Елена Климова - Реминискорум. Пиковая дама
В ту же эпоху иудейские каббалисты сосредоточенно медитируют над еврейским алфавитом, пытаясь из комбинаций букв восстановить Имена Бога. Под их влиянием Раймунд Луллий создает свою версию оккультного Искусства на основе латинизированных каббалистических диаграмм и схем, на которых располагаются места для понятий, связанных с Именами или Атрибутами Бога. Луллий утверждает, что его Искусство позволяет познавать суть всех вещей, поскольку ум в нем взаимодействует с логикой самого универсума. Популярность идей Луллия столь велика, что в Сорбонне открывается кафедра луллизма.
Места Симонида, идеи Платона, звезды Метродора, добродетели Альберта, схемы Луллия – все это вехи на пути, ведущем к созданию подлинно магического Искусства памяти, позволяющего постигать Вселенную и управлять ею одной лишь силой разума.
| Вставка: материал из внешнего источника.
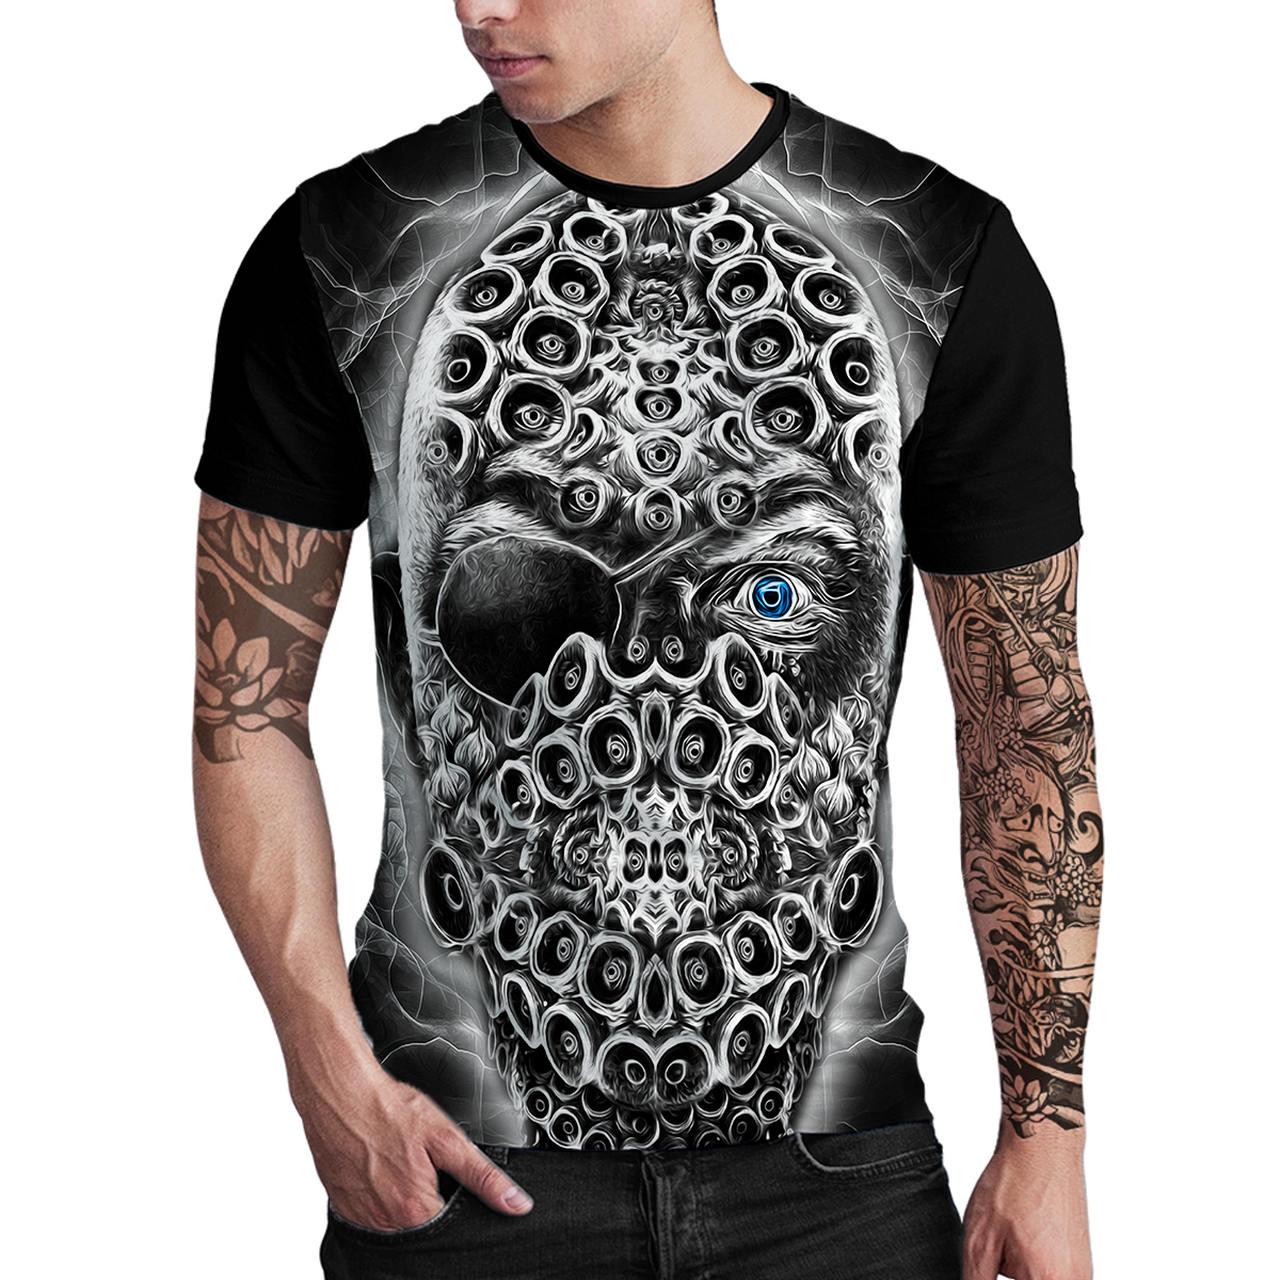 Stompy Camiseta Estampada Masculina Modelo 75
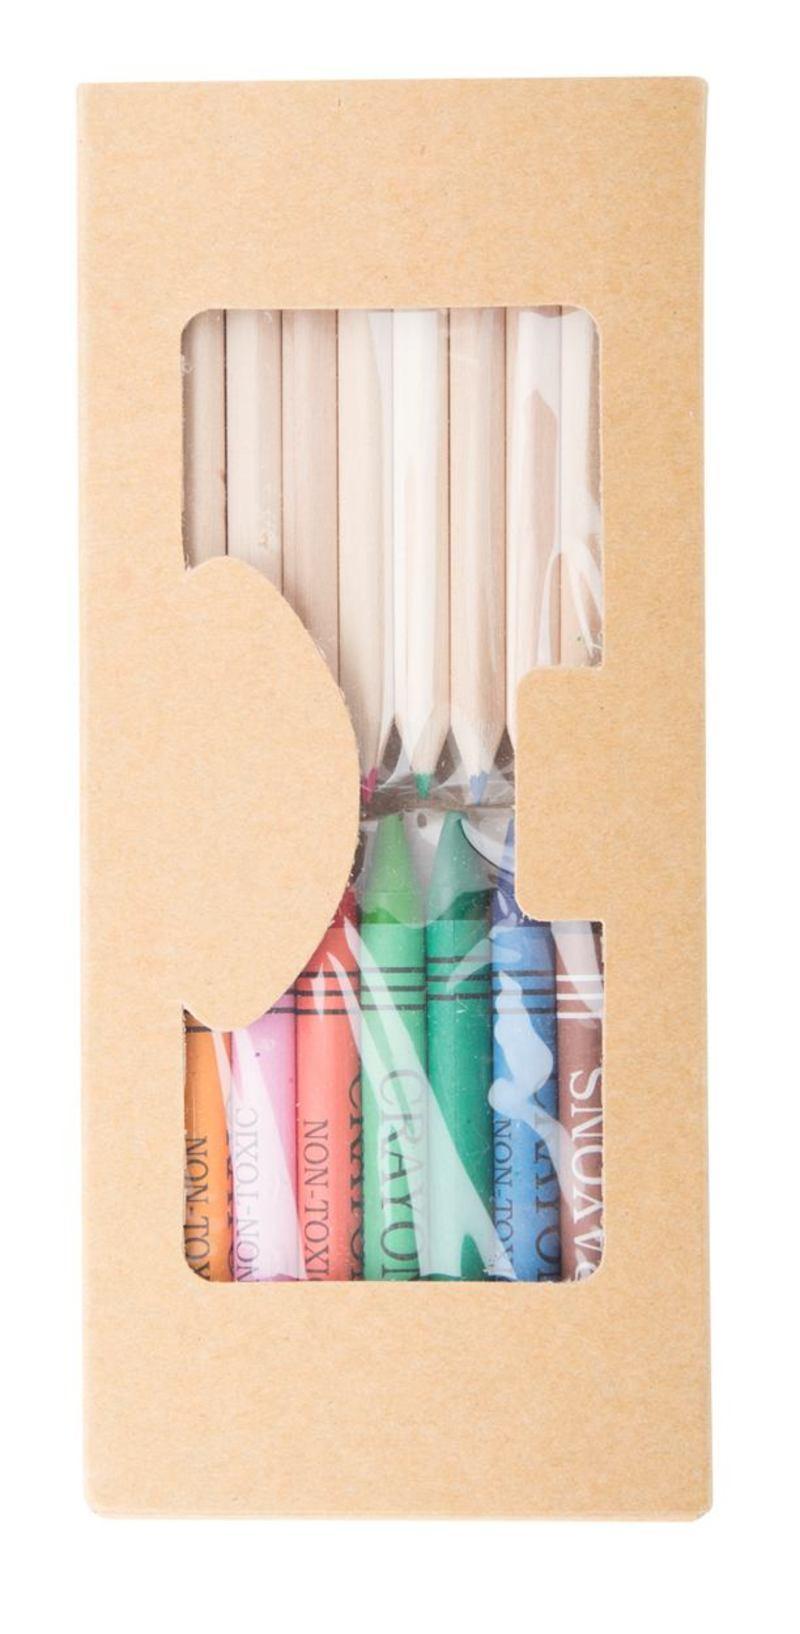 Aladin pencil and crayon set

И вот этот синтез происходит. Джулио Камилло строит свой Театр – зримое воплощение метафизических схем Метродора и Луллия в виде величественного здания с образами в духе Симонида и Альберта.
Зритель в Театре памяти стоит внизу, на сцене. Его взгляду предстают семь восходящих уровней аудиториума и семь проходов, в каждом из которых по семь врат. На первом уровне Камилло размещает семь планет. Следующие уровни Театра соответствуют Лестнице бытия – от первоэлементов до человека с его способностями. И подобно тому как значение букв в схемах Луллия меняется на разных уровнях творения, влияние планет на разных уровнях Театра раскрывает различные свои аспекты. Так образы памяти в Театре Камилло обретают силу астральных талисманов, воздействуя на которые можно воздействовать на мир. Мистическая память становится рабочим инструментом мага. Неудивительно, что ренессансные ученые и художники, алхимики и знатоки герметических искусств так стремились посетить замечательный Театр, при помощи которого божественный Камилло творил чудеса.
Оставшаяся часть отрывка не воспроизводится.